It is not uncommon for a for-profit corporation to outsource payroll services to an independent payroll company (“Payroll Provider”) to help administer payroll tasks. A corporation typically advance funds to the Payroll Provider near the end of a payroll cycle, which are in turn used by the Payroll Provider to pay wages to the corporation’s employees and pay corresponding trust fund obligations to the various taxing authorities.
But what happens when the Payroll Provider files bankruptcy within 90 days of paying trust fund obligations to the IRS? The issue is one of “preferential transfer.” This issue was addressed in Slobodian v. United States of America, 533 B.R. 126 (Bankr. M.D.PA 2015), where the Payroll Provider paid $32,297 to the IRS within the period 90 days prior to the Payroll Provider filing bankruptcy.
In Slobodian, The Chapter 7 trustee filed an adversary complaint against the IRS alleging that the IRS payment was a preferential transfer because it was made within 90 days of the bankruptcy filing. The trustee sought disgorgement of the $32,297 so that the funds could be redistributed to all creditors according to their statutory rights.
The Slobodian court ruled that in order to disgorge a purportedly preferential transfer, a trustee must demonstrate a (1) transfer of an interest of the debtor in property (2) to or for the benefit of a creditor (3) for or on account of an antecedent debt owed by the debtor, and (4) made while the debtor was insolvent. 11 U.S.C. §547(b).
So the big issue for the Slobodian court to determine was whether the $32,297 payment constituted a “transfer of an interest of the debtor in property.” The IRS argued that the Payroll Provider never possessed an interest in the property for preference action purposes, and instead held the transferred funds in trust, to be transmitted to the United States pursuant to the Payroll Provider’s payroll service agreement with the corporation that provided the funds to the Payroll Provider.
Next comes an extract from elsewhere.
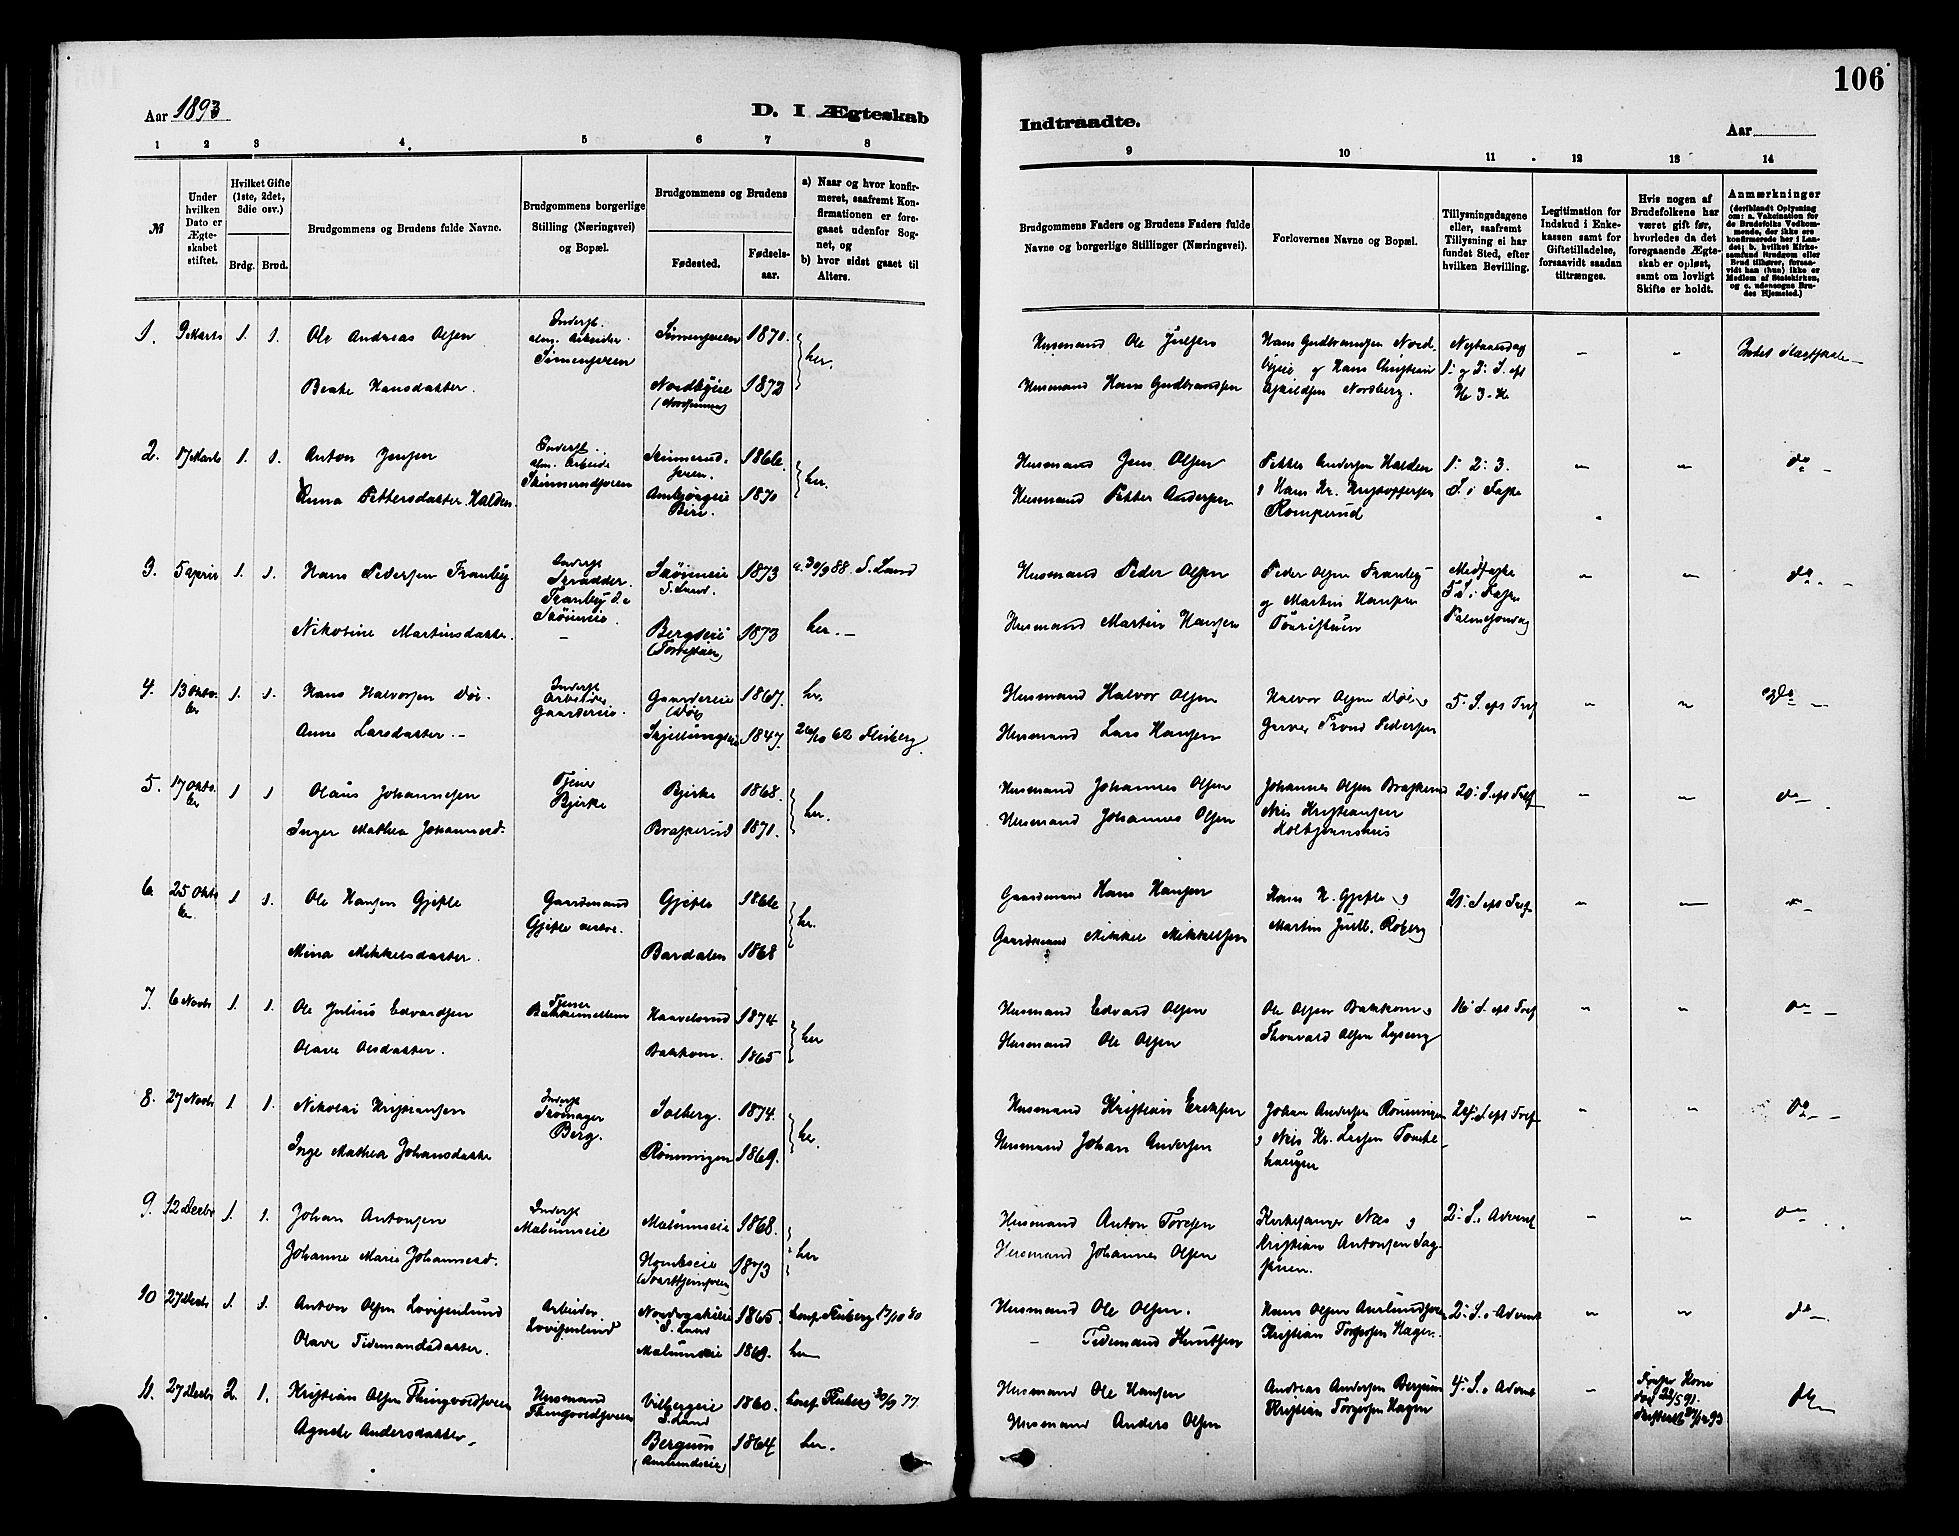 SAH, Nordre Land prestekontor, Ministerialbok nr. 3, 1882-1896, s. 106

The IRS asserted that the funds were held in a special statutory trust for the United States pursuant to 26 U.S.C. §7501(a), which states “Whenever any person is required to collect or withhold any internal revenue tax from any other person and to pay over such tax to the United States, the amount of tax so collected or withheld shall be held to be a special fund in trust for the United States.” The special trust applies to Social Security, Medicare, and income taxes that Congress requires employers to withhold from employees’ paychecks, commonly referred to as “trust-fund taxes.” Id. at 134, citing Begier v. Internal Revenue Service, 496 U.S. 53, 54 (1990).
The Slobodian court agreed with the IRS and found that corporation’s channeling of trust fund taxes through the third-party Payroll Provider did not dilute the protections of the 26 U.S.C. §7501(a) trust. The corporation tendered the funds to the Payroll Provider which collected the funds pursuant to its payroll services agreement and withheld both trust fund and non-trust fund taxes from the collected funds before ultimately distributing employee paychecks. Therefore, the Payroll Provider did not own an equitable interest in the property it held in trust for the corporation, and thus the $32,297 payment was not “property of the estate” for purposes of preferential transfers of 11 U.S.C. §547(b).
The IRS was allowed to retain the payment and the corporation received full credit for the trust fund payments.
Practice Pointer: Be careful when dealing with payroll providers. Perform due diligence on the providers before tendering money to them. Make sure the funds tendered by the corporation to the payroll service are made from a segregated trust fund account and not from the corporation’s general operating account. The preferred method would be two separate payments being made to the payroll service: one payment for employees; and one payment for the taxing authorities. This preferred method would buttress a corporation’s argument that the trust fund payments were tendered to the payroll service in trust as part of a 26 U.S.C. §7501(a) trust fund. It may not be “convenient” but it is following best practices.